## DATA

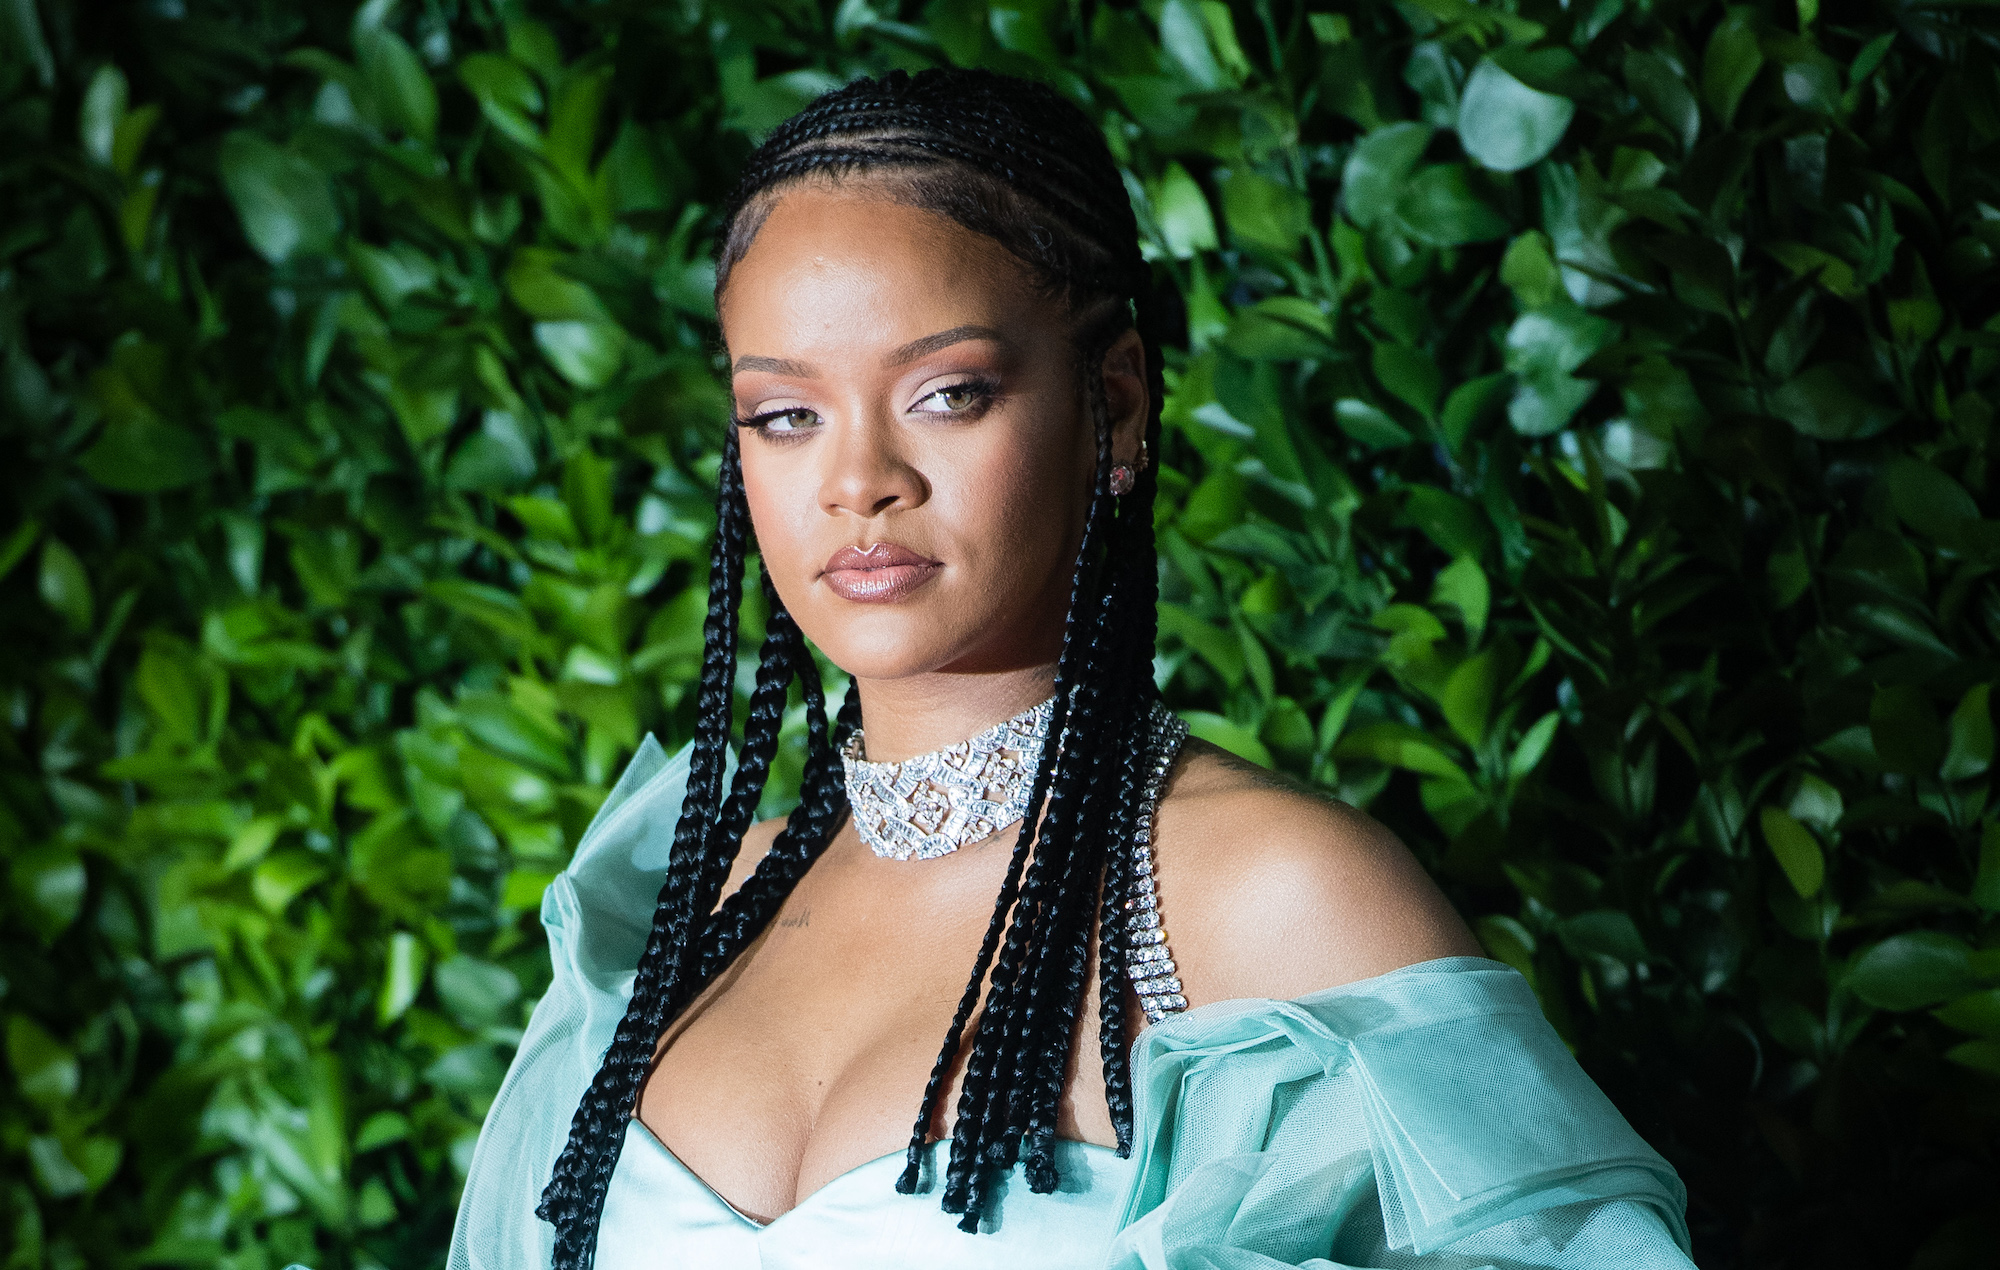 Rihanna provoque la colère des musulmans : Son défilé de lingerie au coeur de la polémique
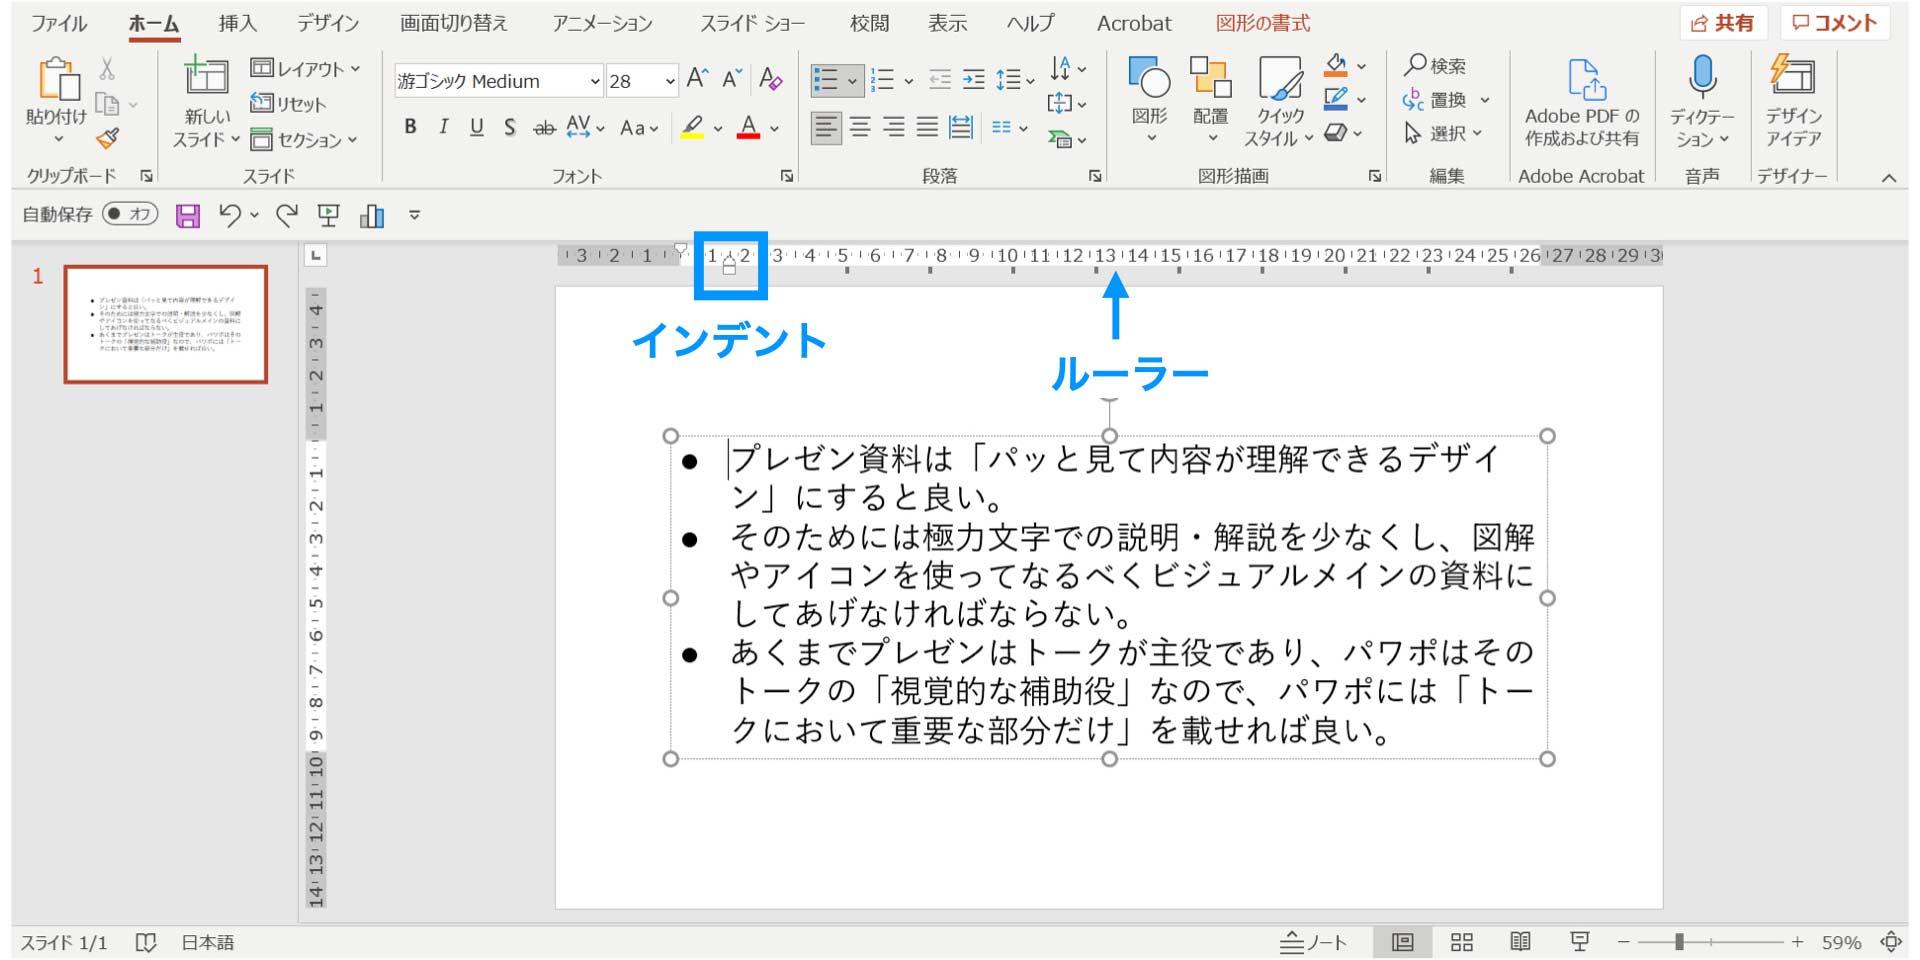 パワーポイント,PowerPoint,デザイン,箇条書き,使い方,インデント
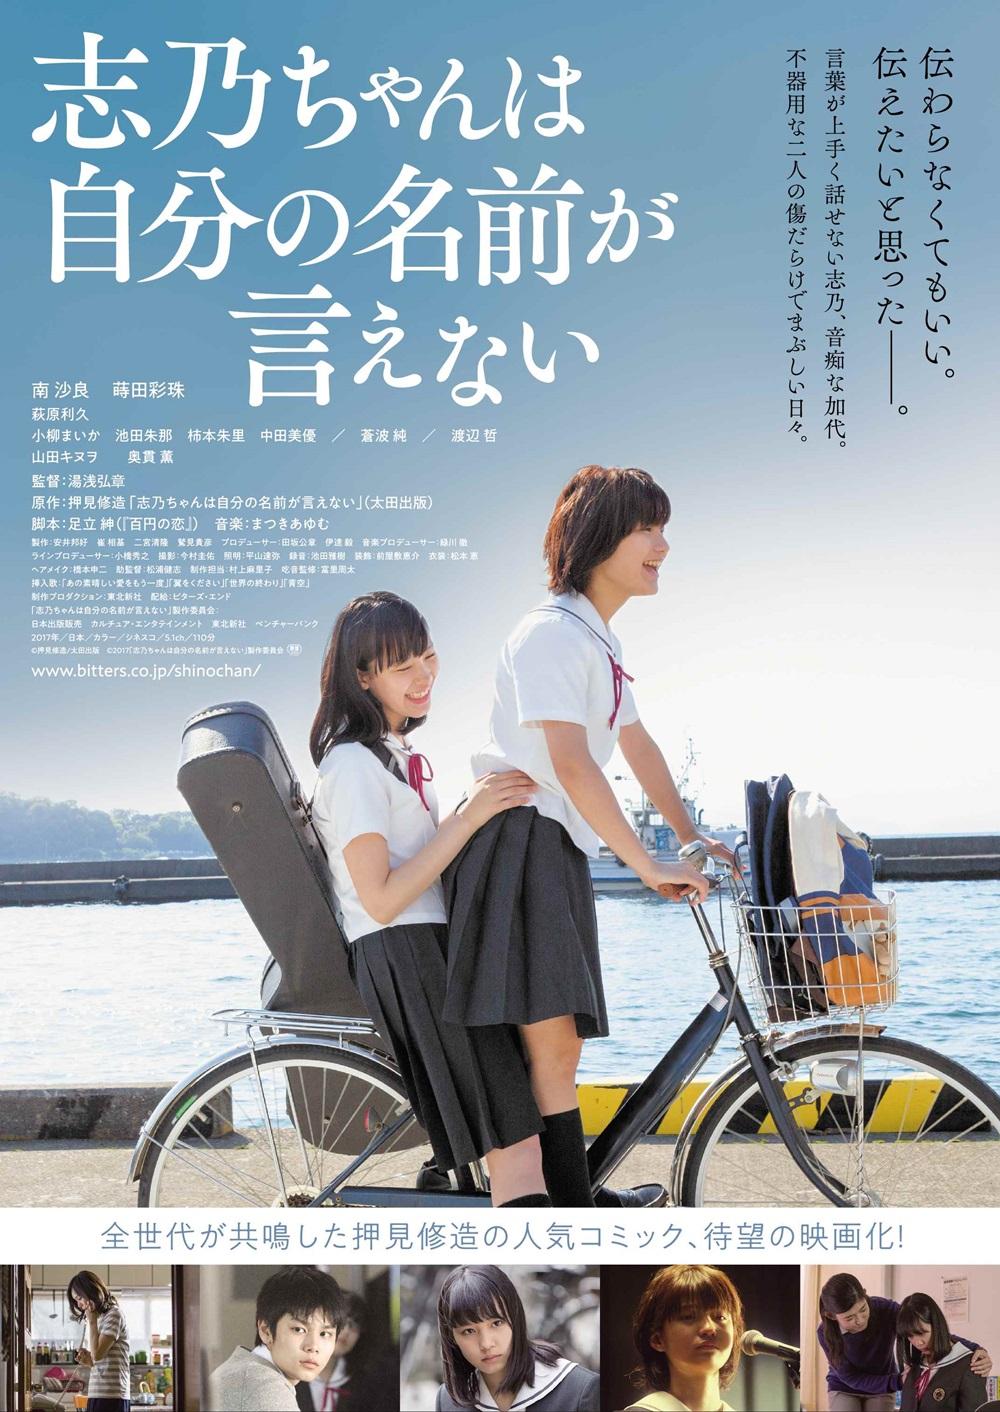 【画像】映画『志乃ちゃんは自分の名前が言えない』ポスタービジュアル

## EXERCISE REQUIREMENTS
The answer must be the data above, repeated exactly, with no pictures.

## SOLUTION TO THIS EXERCISE
 Rihanna provoque la colère des musulmans : Son défilé de lingerie au coeur de la polémique
 パワーポイント,PowerPoint,デザイン,箇条書き,使い方,インデント
 【画像】映画『志乃ちゃんは自分の名前が言えない』ポスタービジュアル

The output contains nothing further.